** Opening Material shown block **
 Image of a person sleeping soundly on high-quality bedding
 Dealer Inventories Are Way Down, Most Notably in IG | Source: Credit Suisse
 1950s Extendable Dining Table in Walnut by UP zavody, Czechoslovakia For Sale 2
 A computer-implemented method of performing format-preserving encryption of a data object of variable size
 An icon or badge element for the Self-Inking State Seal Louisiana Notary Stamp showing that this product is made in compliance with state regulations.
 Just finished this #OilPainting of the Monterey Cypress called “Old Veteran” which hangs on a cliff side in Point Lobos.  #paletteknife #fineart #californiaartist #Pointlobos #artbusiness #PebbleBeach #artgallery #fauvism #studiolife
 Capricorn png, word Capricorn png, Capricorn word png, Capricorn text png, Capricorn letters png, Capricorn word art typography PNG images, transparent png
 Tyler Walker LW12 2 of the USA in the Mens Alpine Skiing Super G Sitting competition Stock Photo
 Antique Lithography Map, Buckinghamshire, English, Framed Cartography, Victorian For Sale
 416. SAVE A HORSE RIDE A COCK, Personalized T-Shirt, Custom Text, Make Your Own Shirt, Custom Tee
** Closing Material shown block **
__Exercise goal__: Based on the material above, how many lines contain the string "Sale"? State the number alone.

__Exercise output__: 2